By Gaoyang Cai
Elastic Stack is a widely used open-source log processing technology stack, originally known as ELK. Elasticsearch is a search and analysis engine.
Logstash is a server-side data processing pipeline that can collect data from multiple sources at the same time, convert the data, and send it to repositories (such as Elasticsearch). Kibana allows users to use graphs and charts to visualize the data in Elasticsearch. Later, a series of lightweight single-function data collectors (called Beats) were added to the collector (L), and the most commonly used is FileBeat. But you can also see the name, EFK.
Logstash and Beats are supported to facilitate the connection between RocketMQ and Elastic Stack.
Rocketmq-logstash-integration project adds input and output plug-ins for connecting to Logtash in RocketMQ. You can use Logstash to transfer data from other data sources to RocketMQ or consume messages from RocketMQ to ES.
Logtash allows you to install RocketMQ input and output on a run time as a plug-in. Currently, rockemq-logstash-integration supports Logtash 8.0 [3].

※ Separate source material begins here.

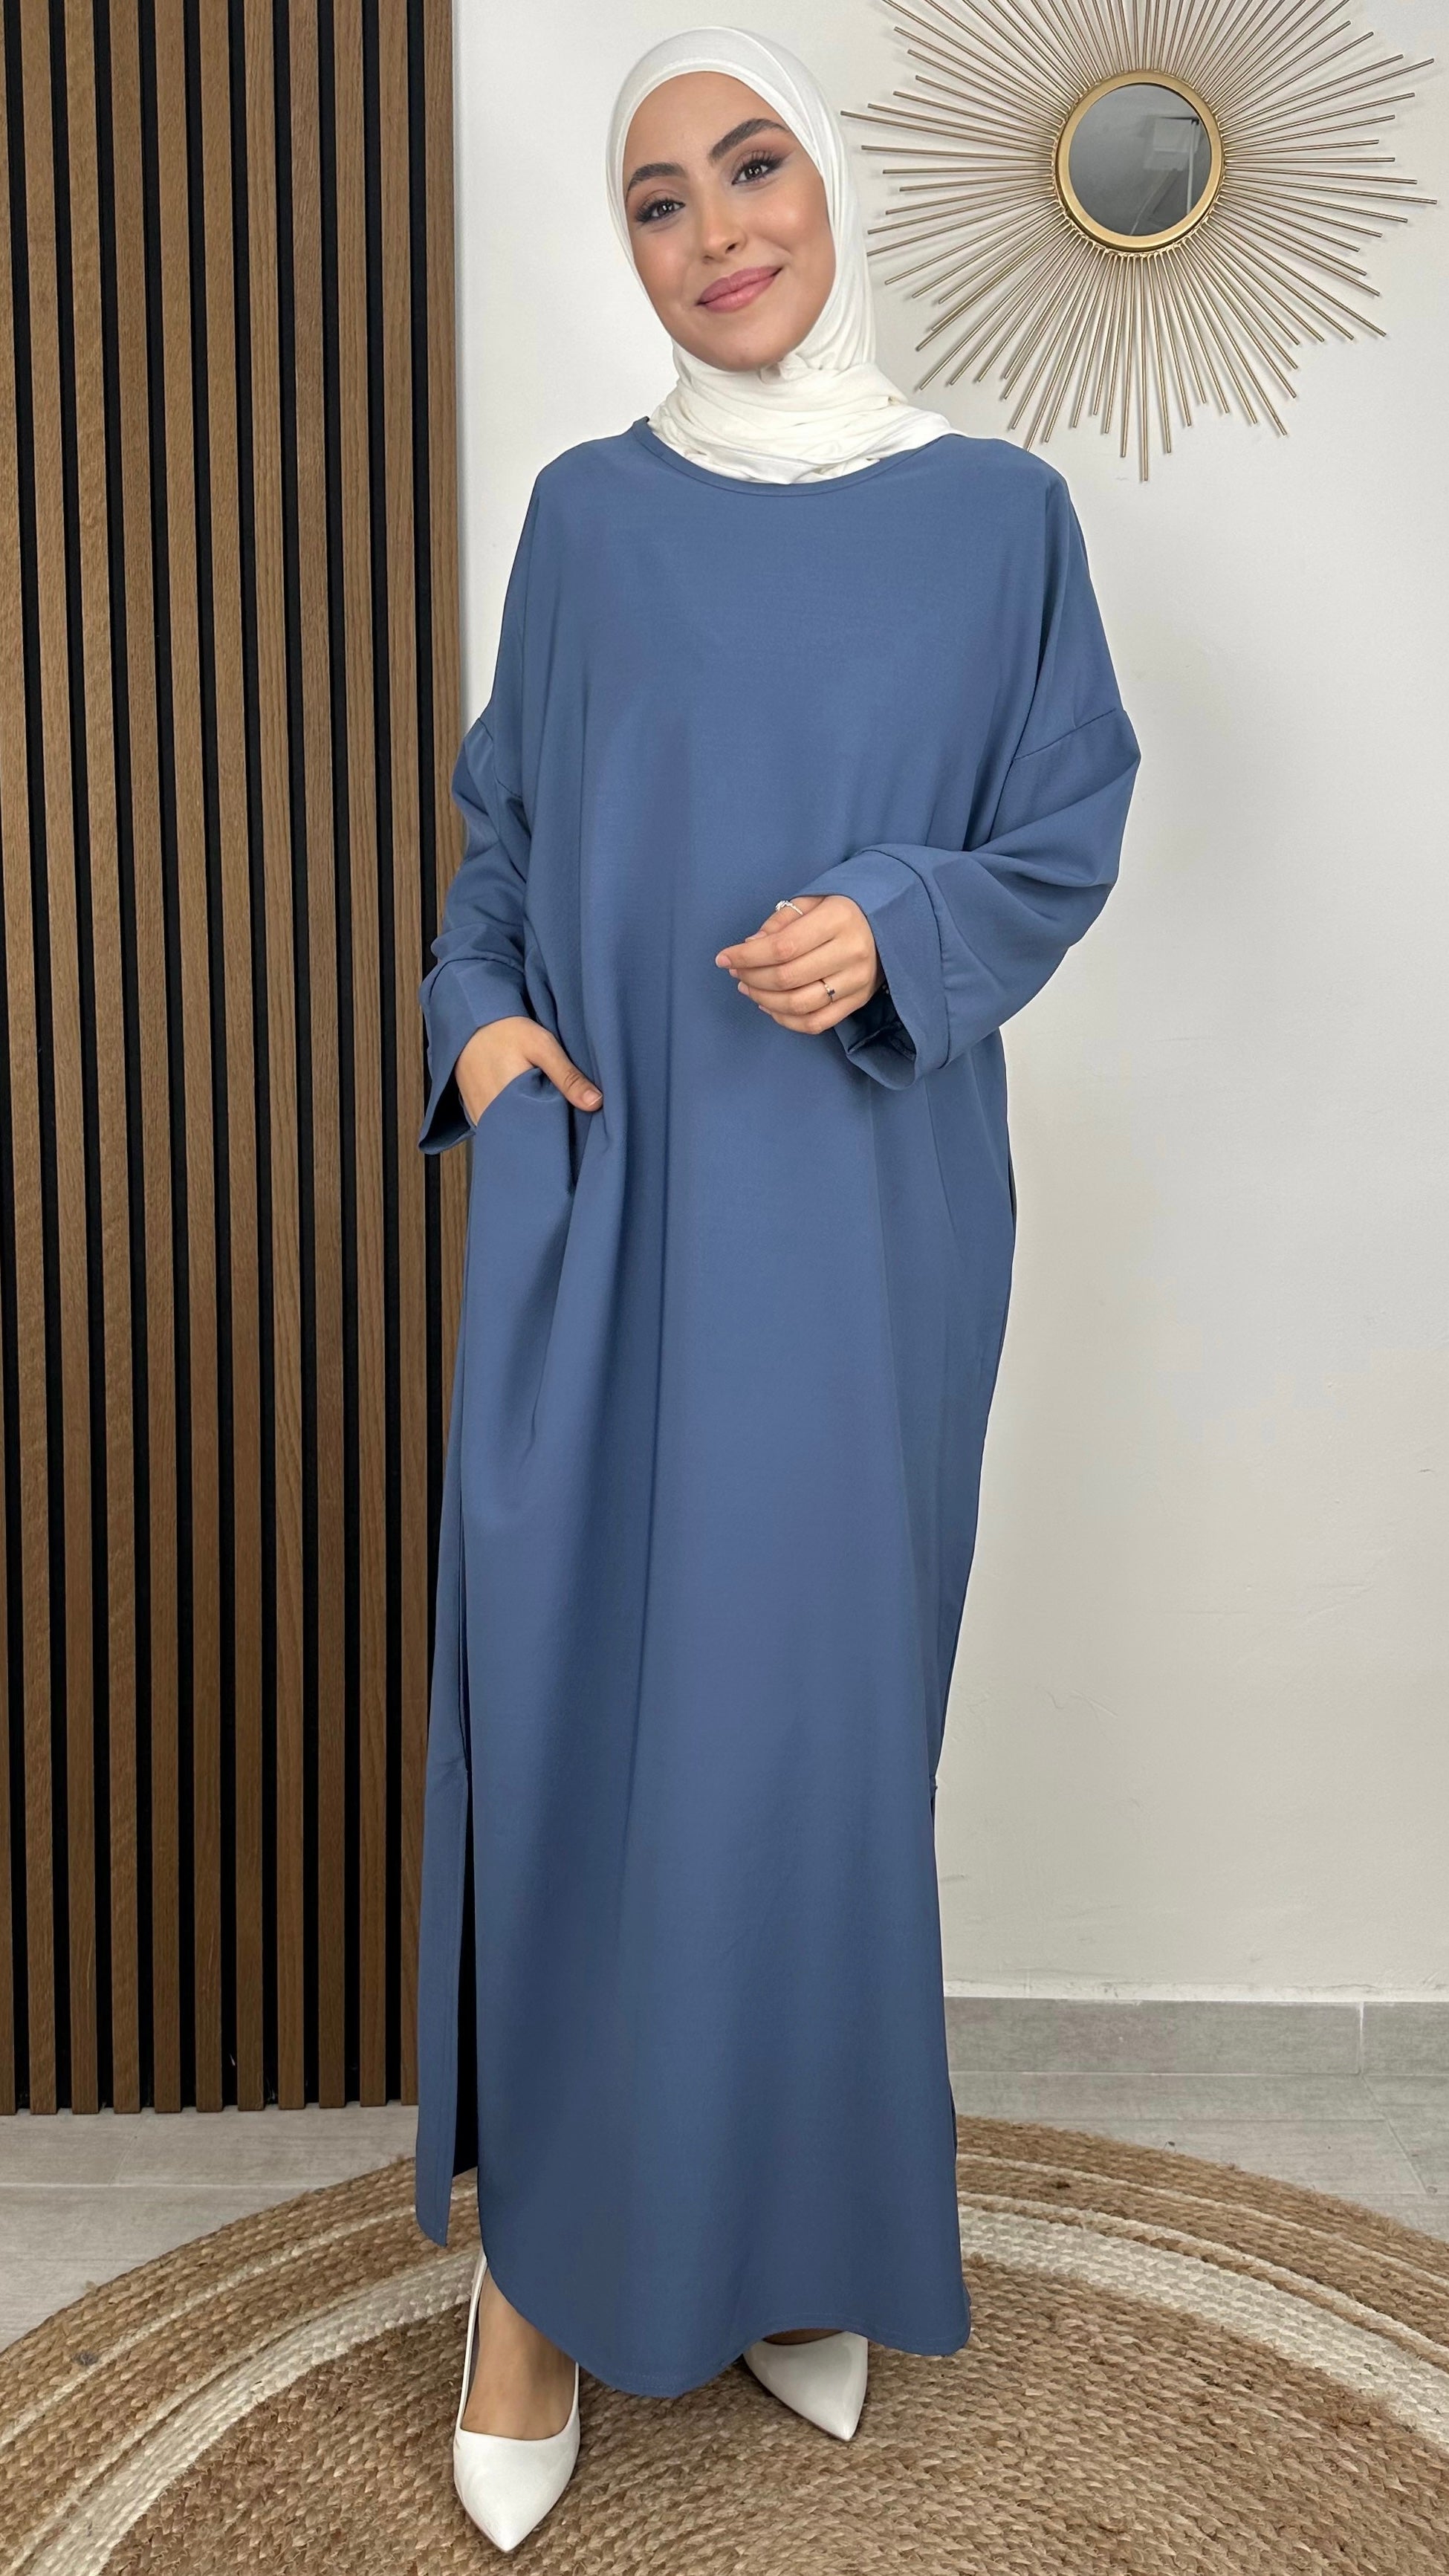 Abaya split  - abaya semplice - abaya con tasche - hijab  - abaya per pellegrinaggio - umra e hajj - leggero spacco laterale

1. Refer to the following documents to create the Logtash input or output plug-in gem:
2. Enter the logstash installation directory and run the following command to install the plug-in (replace the gem file path with the file path extracted in the previous step):
bin/logstash-plugin install --no-verify --local /path/to/logstash-input-rocketmq-1.0.0.gem
bin/logstash-plugin install --no-verify --local /path/to/logstash-output-rocketmq-1.0.0.gem
If the installation process is slow, you can try to replace the source in Gemfile with a https://gems.ruby-china.com
The following configuration sends the content of the file with the file name suffix .log
in the collection /var/log/
and its subdirectories to RocketMQ in the form of a message. The topic is topic-test
.
input {
file {
path => ["/var/log/**/*.log"]
}
}
output {
rocketmq {
namesrv_addr => "localhost:9876"
topic => "topic-test"
}
}
Save the preceding configurations to the rocketmq_output.conf
and start Logstash:
bin/logstash -f /path/to/rocketmq_output.conf
The following configuration file enables you to consume messages in a consumer topic-test
and write them to a local ES cluster, where the index
is specified as a test-%{+YYYY.MM.dd}
:
input {
rocketmq {
namesrv_addr => "localhost:9876"
topic => "topic-test"
group => "GID_input"
}
}
output {
elasticsearch {
hosts => ["127.0.0.1:9200"]
index => "test-%{+YYYY.MM.dd}"
}
}
Save the preceding configurations to the rocketmq_input.conf and start Logstash:
bin/logstash -f rocketmq_input.conf
Beats is a series of collectors, originally FileBeat[5]. Later, different data source collectors (such as Heartbeat[6] and Metricbeat[7]) were added.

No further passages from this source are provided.